We will, with the utmost care for the environment and society, continue to enhance value for our customers and stakeholders by providing innovative products and economically efficient solutions' through growth, cost effectiveness and wise investment of resources.

If you're up for a rewarding challenge, we invite you to take the first step and apply today!

Jubilant Pharma Holdings Inc and all our subsidiaries proudly embraces diversity in our workforce. Our goal is to have a workforce as diverse as the patients and clients we serve. We have an inclusive environment where our employees can thrive and where our differences are welcomed.
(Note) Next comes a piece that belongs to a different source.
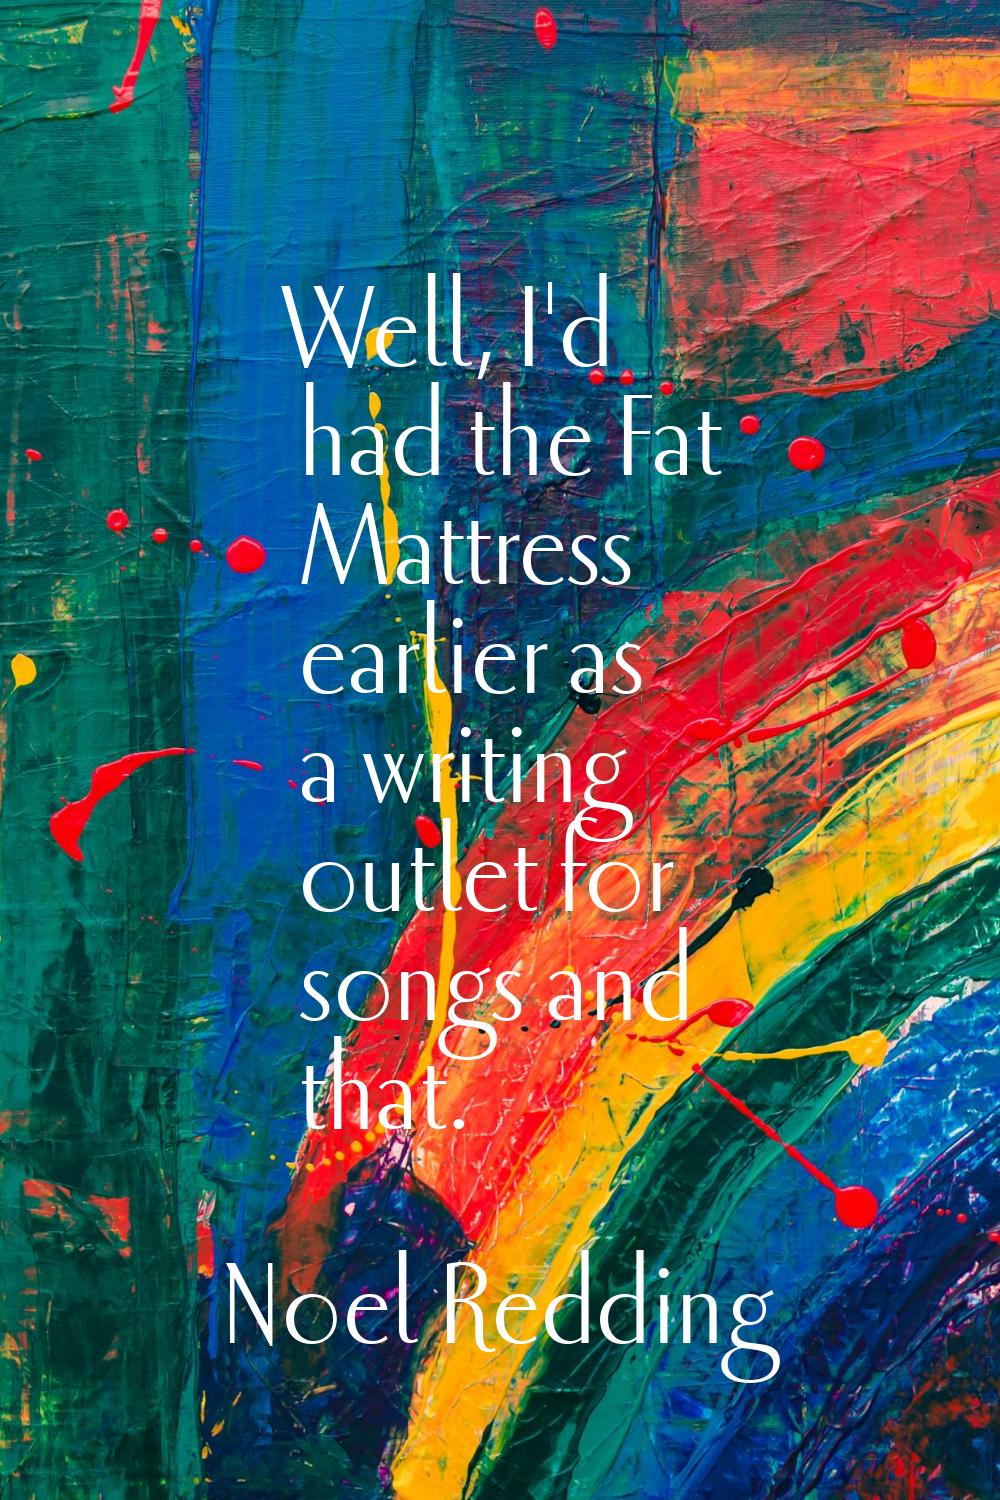 Well, I'd had the Fat Mattress earlier as a writing outlet for songs and that.
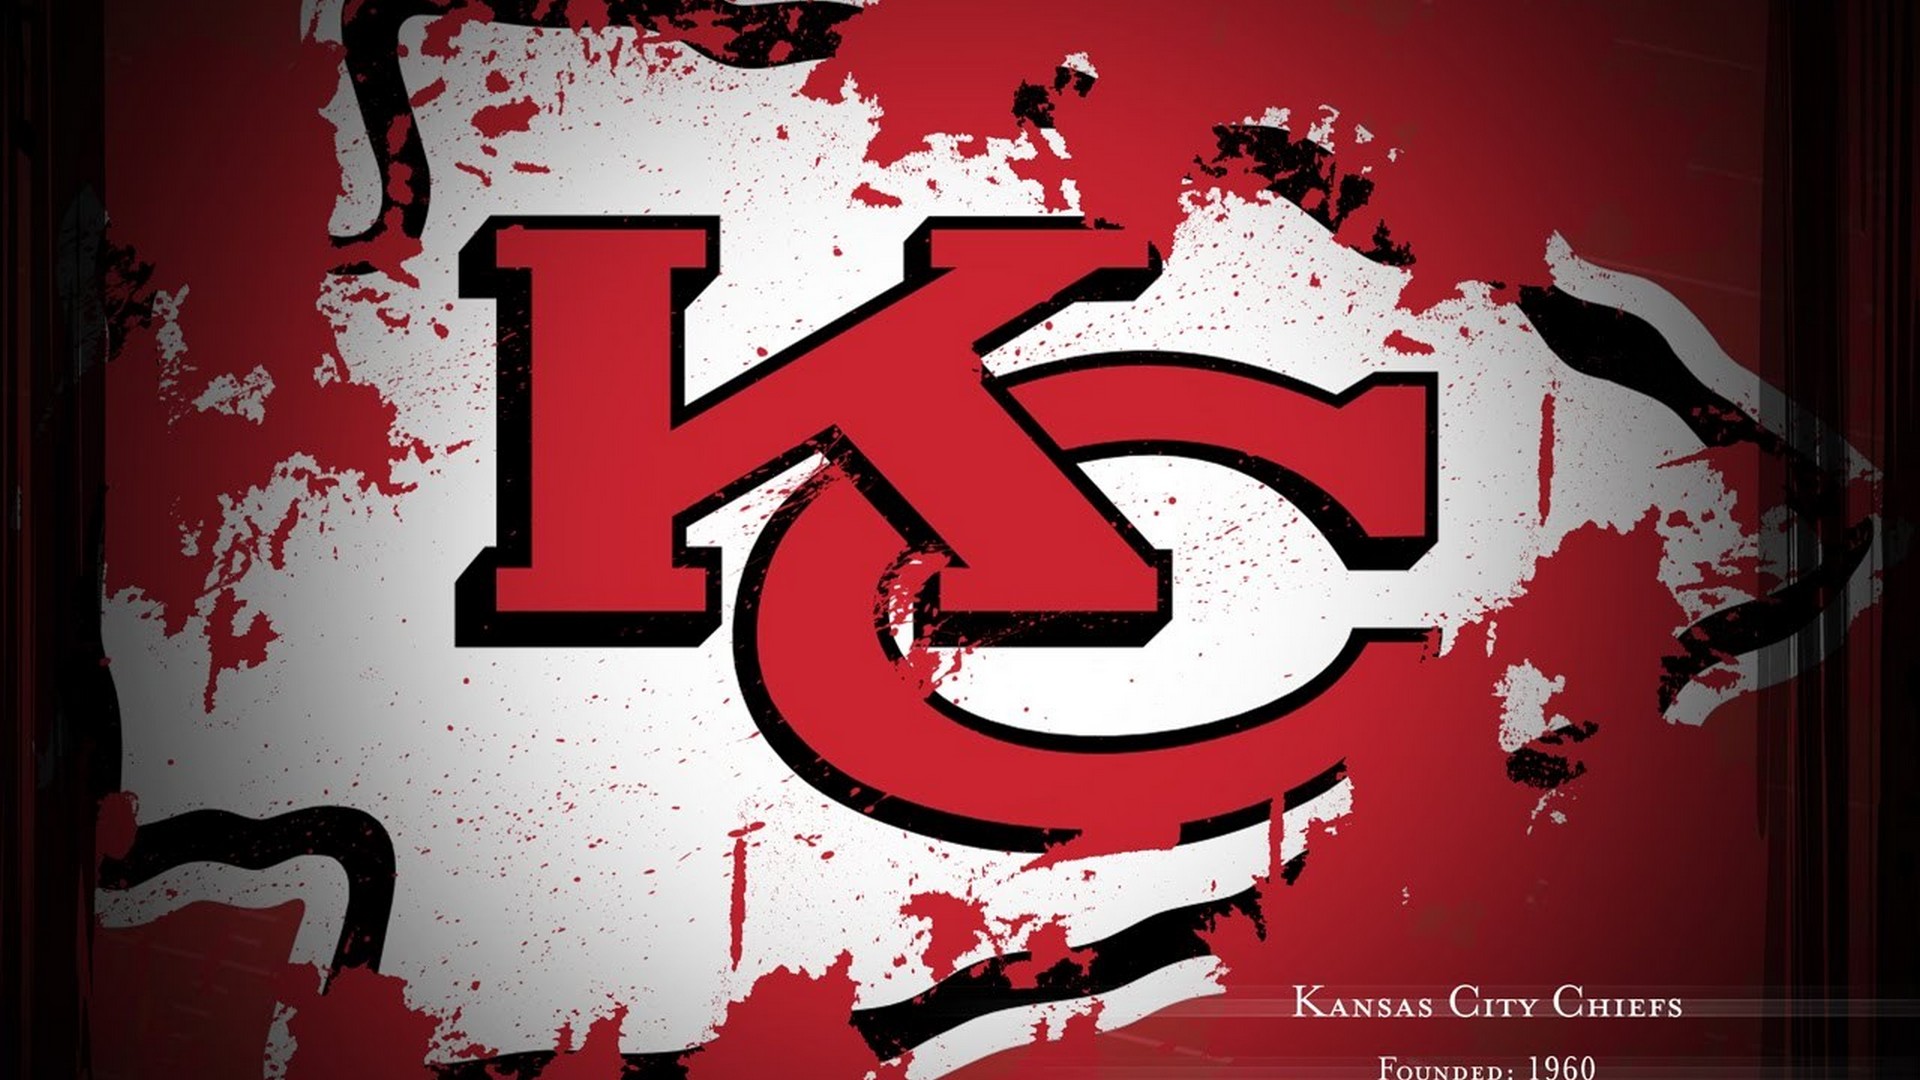 Kansas City Chiefs Desktop Wallpaper with resolution 1920x1080 pixel. You can make this wallpaper for your Mac or Windows Desktop Background, iPhone, Android or Tablet and another Smartphone device

By welcoming our differences, we create products that are beneficial for our patients, clients, and overall human health.

Summary

The Compliance Specialist will be responsible for ensuring cGMP appropriateness of operations and continuous improvement activities are established, monitored and maintained to ensure compliance with all applicable regulations, SOPs and company.

Responsabilities

  • Maintains knowledge and understanding of current industry practices to ensure Subject Matter Experts are aware of industry improvements and compliance risks;
  • Conducts gap assessments to assess compliance in regards to HC, FDA, ISO, ICH, and regulations impacting cGMP/ ISO operations, as well as for updates in new Regulatory requirements;
  • Analyzing key performance indicators to highlight areas of improvement;
  • Ensures that the Management team is aware of the Improvement requirements and builds an integrated plan that delivers both the needed results and the growth in capability (skills and culture) for sustaining Continuous Improvement;
  • Leads Compliance continuous improvement projects (based on trends, internal audit observations, etc.) that can be leveraged across departments, functions, and product families.
  • Participates in Internal Audits and Site Inspection Readiness activities
  • New Product Introduction: Compliance representative in new product introduction activities and document approval
  • In collaboration with Validation, review and approve validation plans and protocols / reports;
  • Participates in product quality complaint investigations as needed to address problems and assist in resolution;
  • Participates in Internal Audits and Site Inspection Readiness activities
  • Participates in the maintenance of the Annual Product Quality System (writing and adherence to established schedule);
  • Meeting global KPIs and metrics;
  • Performs any other tasks assigned by Management.
  • Participates in External Audit activities / Quality Agreements, as needed.

Requirements

  • Bachelors Degree in a scientific discipline and 6 years of related experience or Masters Degree in a scientific discipline and 2 years of related experience
  • Thorough knowledge of cGMP (Pharma) and ISO regulations (Medical Device);
  • Thorough knowledge in FDA and Health Canada Regulations
  • Experience with FDA or Health Canada inspections
  • Self-starter / able to function under minimal supervision
  • Good leadership skills / 'take charge' attitude
  • Tactful communication and interpersonal skills
  • Ability to oversee the 'big picture', yet diligent to details
  • Creative talents
  • Capacity to multi-task a number of issues at a time
  • Good analytical skills
  • Excellent organization and planning skills
  • Ability to understand scientific issues in order to help the planning of the work
  • Software proficient, including MS Project
  • Written and spoken English and French  
Apply now!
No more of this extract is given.